Let us say that there is a number $899$ which is the product of $29$ and $31$.
I want to work out the following: $$245^3 \pmod{899}$$
I know there is a way of doing it with $\phi(29)$ and $\phi(31)$ but I am not too sure. How do I break it down and do it more efficiently by hand?
Thank you
First we solve the problem $\pmod {29}$ and $\pmod {31}$. We get $$245\equiv 13\pmod {29}\implies 245^2\equiv 169\equiv 24\pmod {29}\implies 245^3\equiv 13\times 24\equiv 22\pmod {29}$$
Thus we know that $$245^3=22+29n$$ for some integer $n$.

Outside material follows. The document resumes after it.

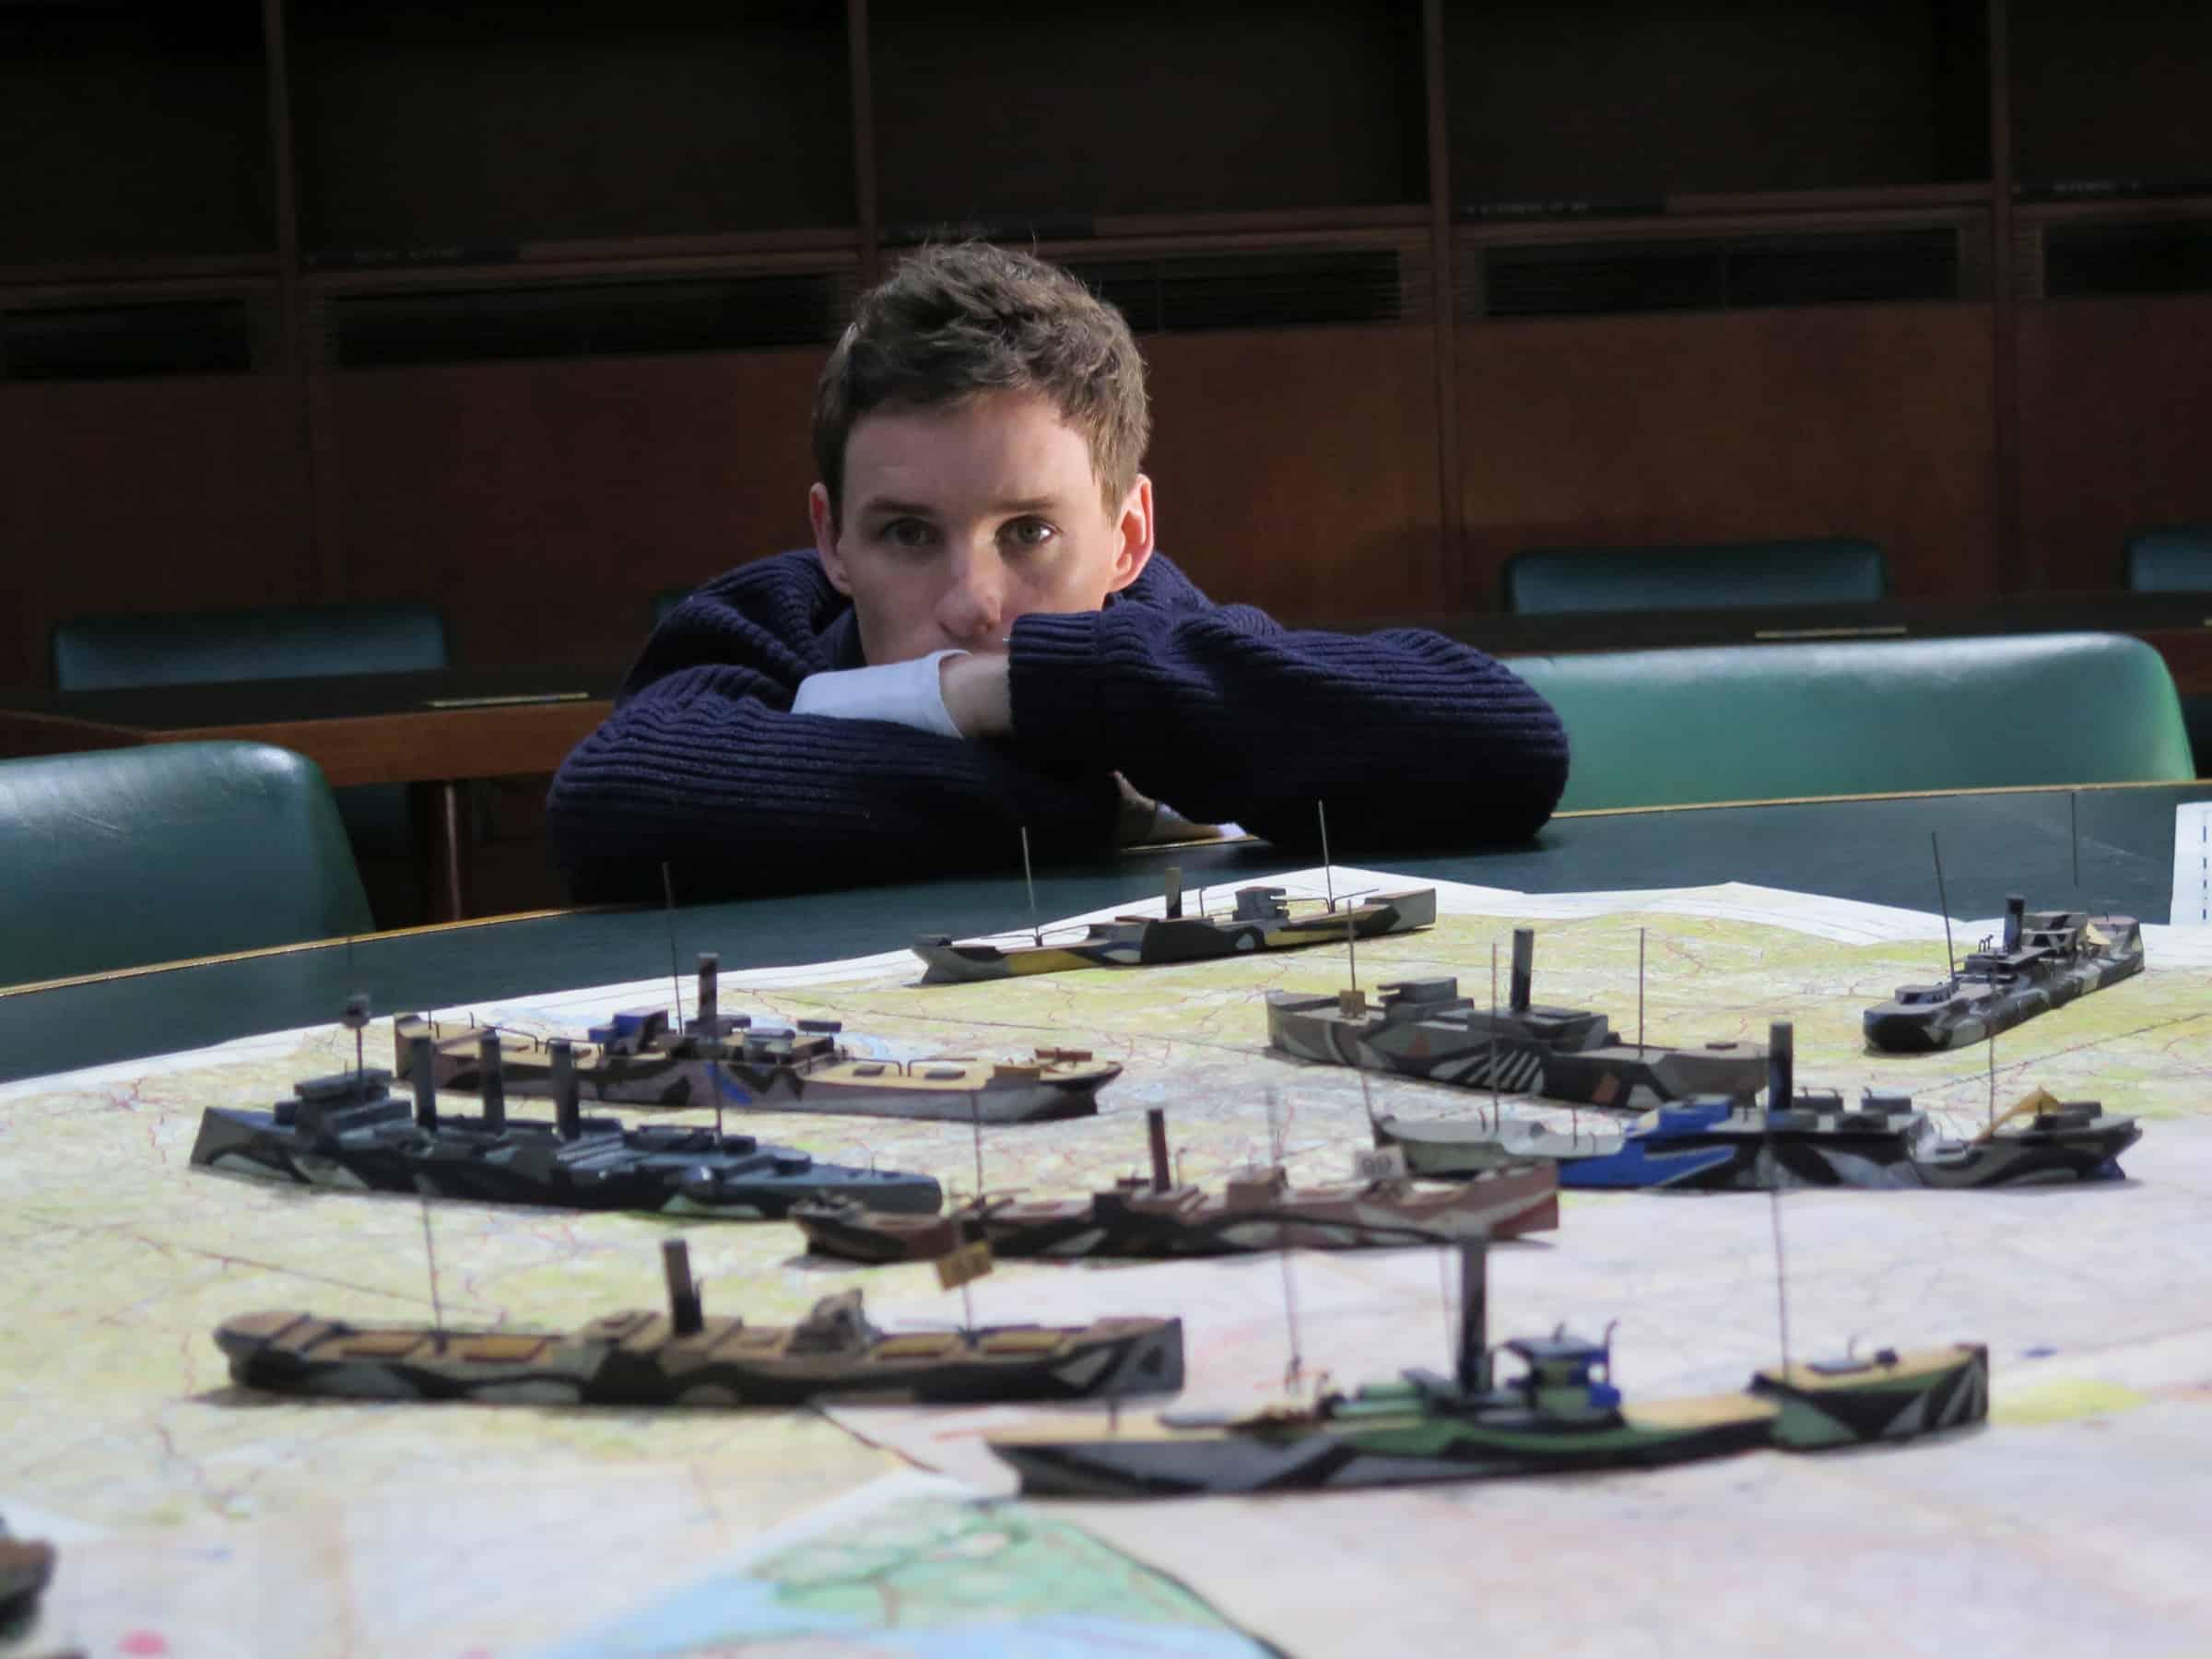 Eddie Redmayne with Dazzle ship models at the IWM. Photograph ® www.foxtrotfilms.com
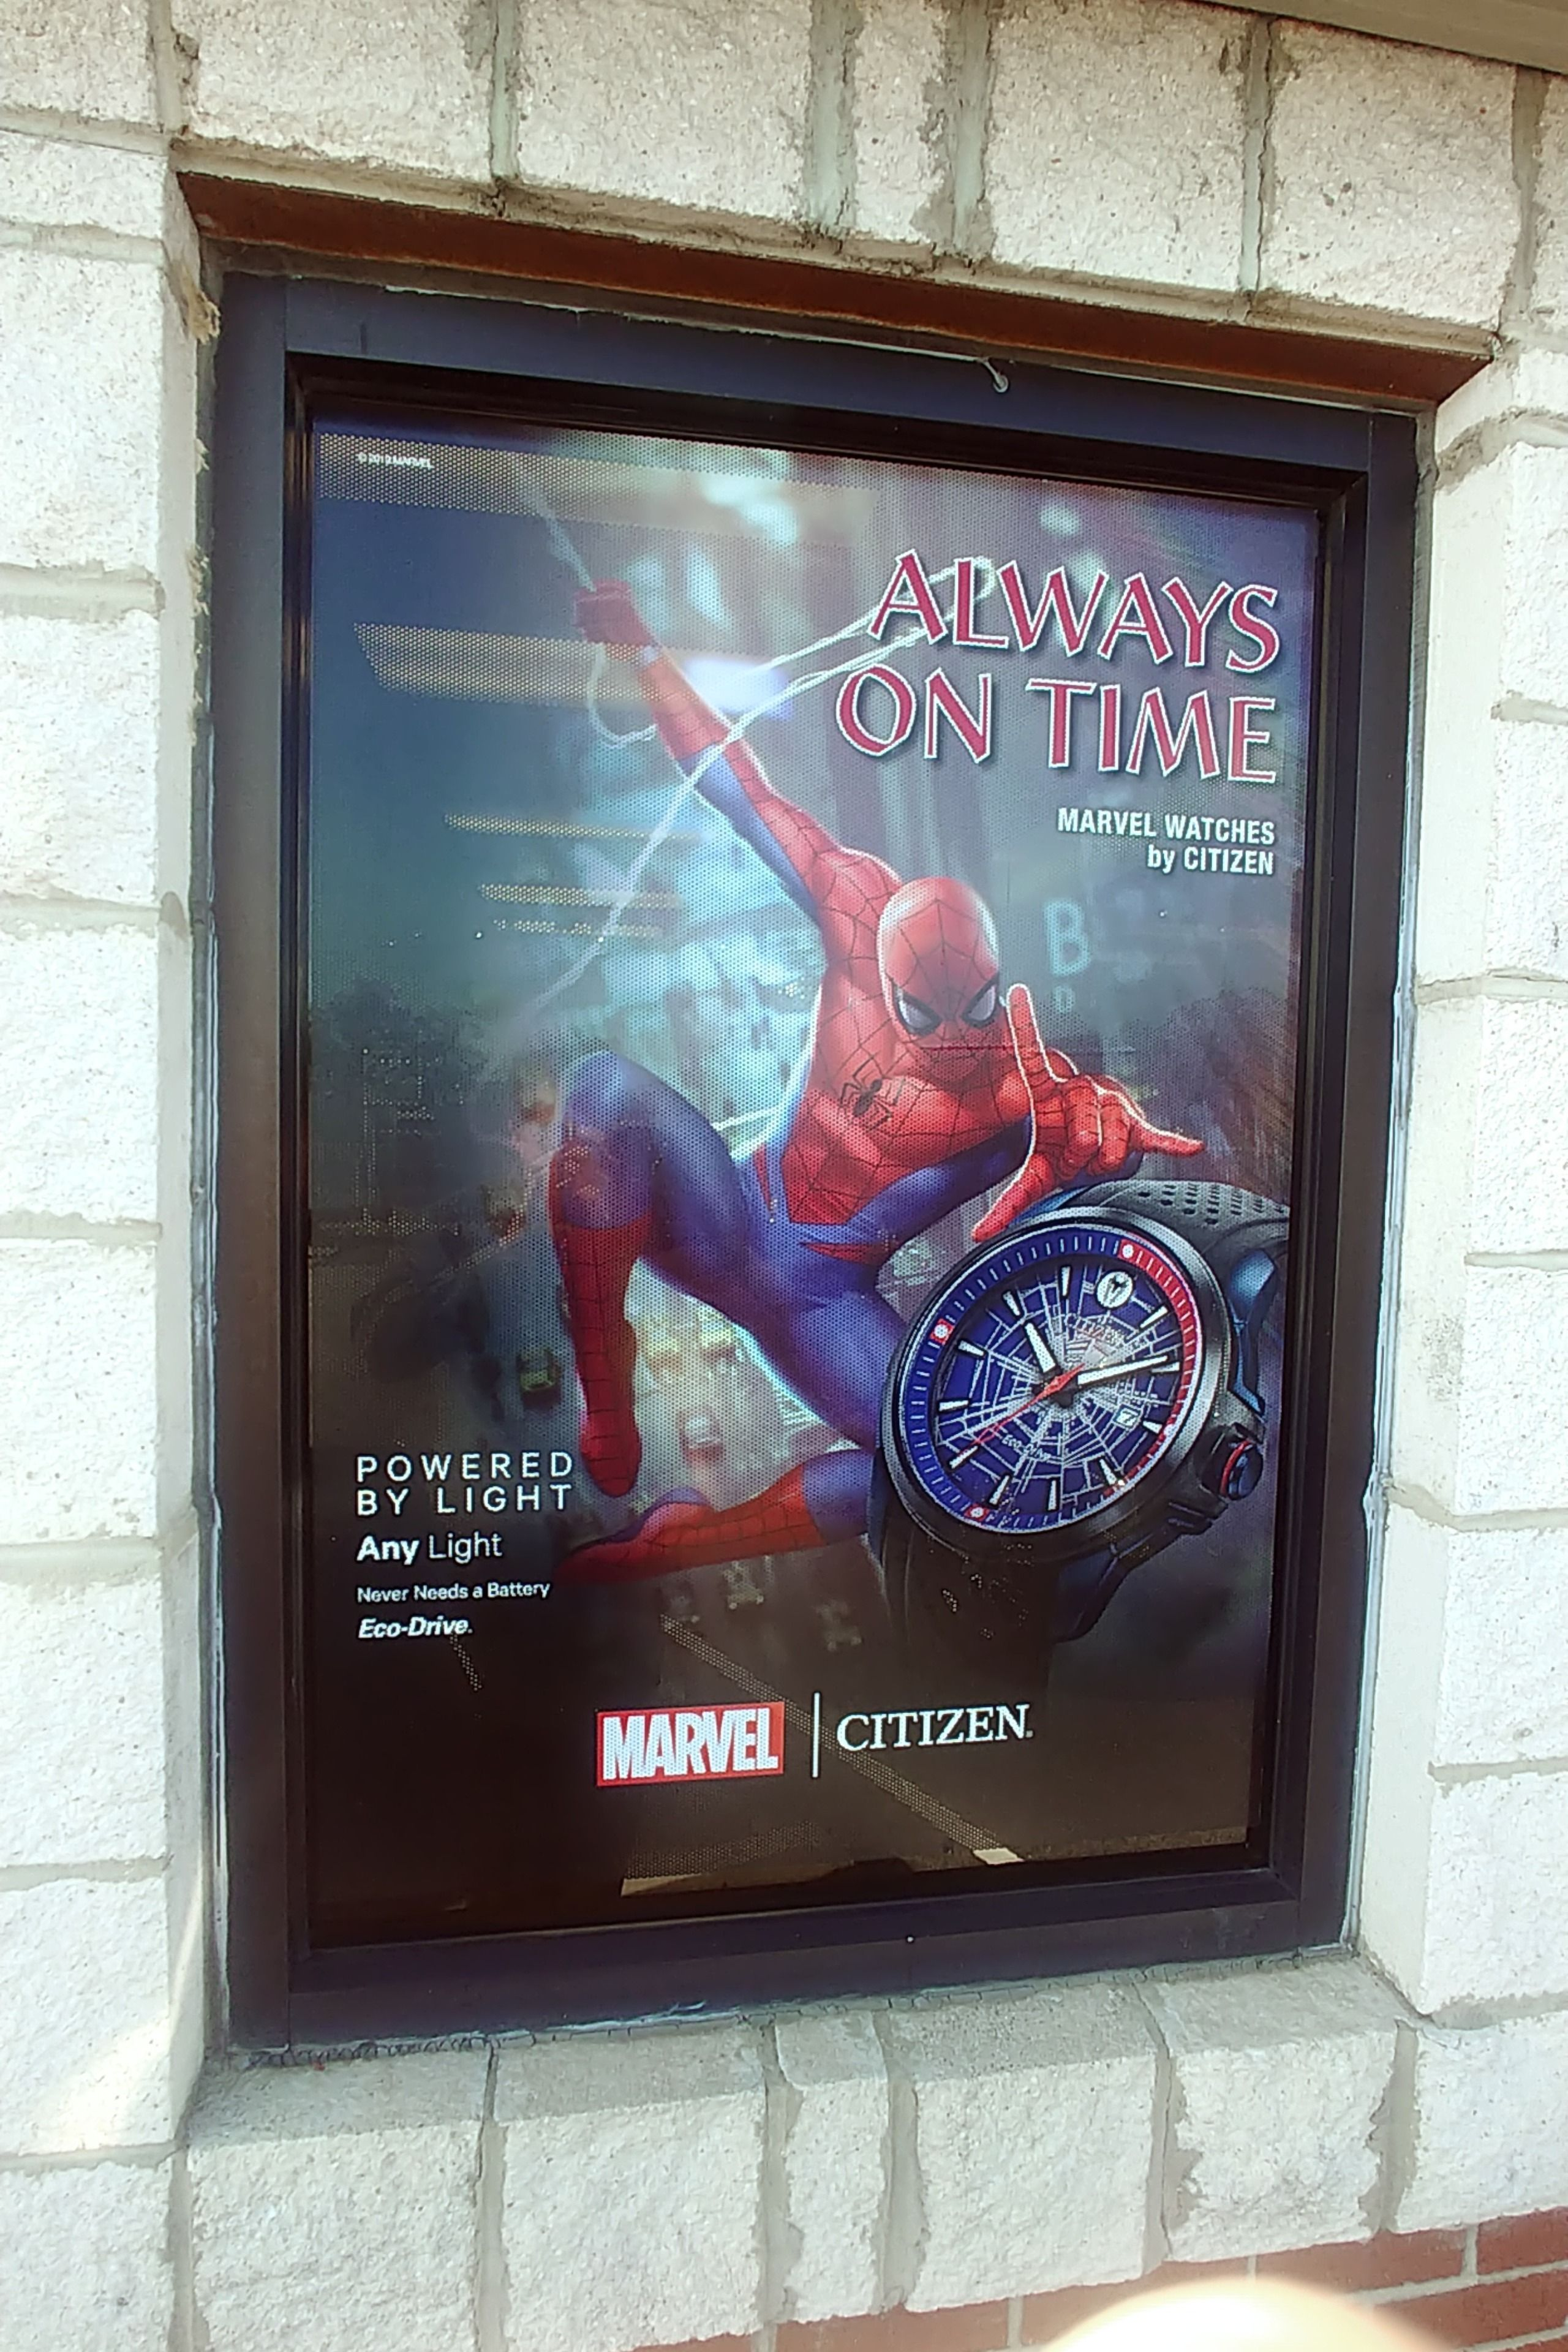 Confirmed sighting of Spiderman at Avis Fine Jewewlry in

A similar computation $\pmod {31}$ shows $$245^3\equiv 4 \pmod {31}$$
We want to compute $245^3 \pmod {29\times 31}$. By the Chinese Remainder Theorem there is a unique residue class $a$ such that $$a\equiv 22\pmod {29}\quad \&\quad a\equiv 4\pmod {31}$$
Thus, given that $245^3=22+29n$ we need to solve for $n\pmod {31}$ such that $$22+29n\equiv 4 \pmod {31}\implies 18\equiv -29n\equiv 2n\pmod {31}\implies n\equiv 9 \pmod {31}$$
Finally, we see that $$245^3\equiv 22+29\times 9\equiv 283\pmod {899}$$ and we are done.
As a check, I suggest doing the problem directly. First check that $245^2\equiv 691\pmod {899}$ and then that $$245^3\equiv 691\times 245\equiv 283\pmod {899}$$.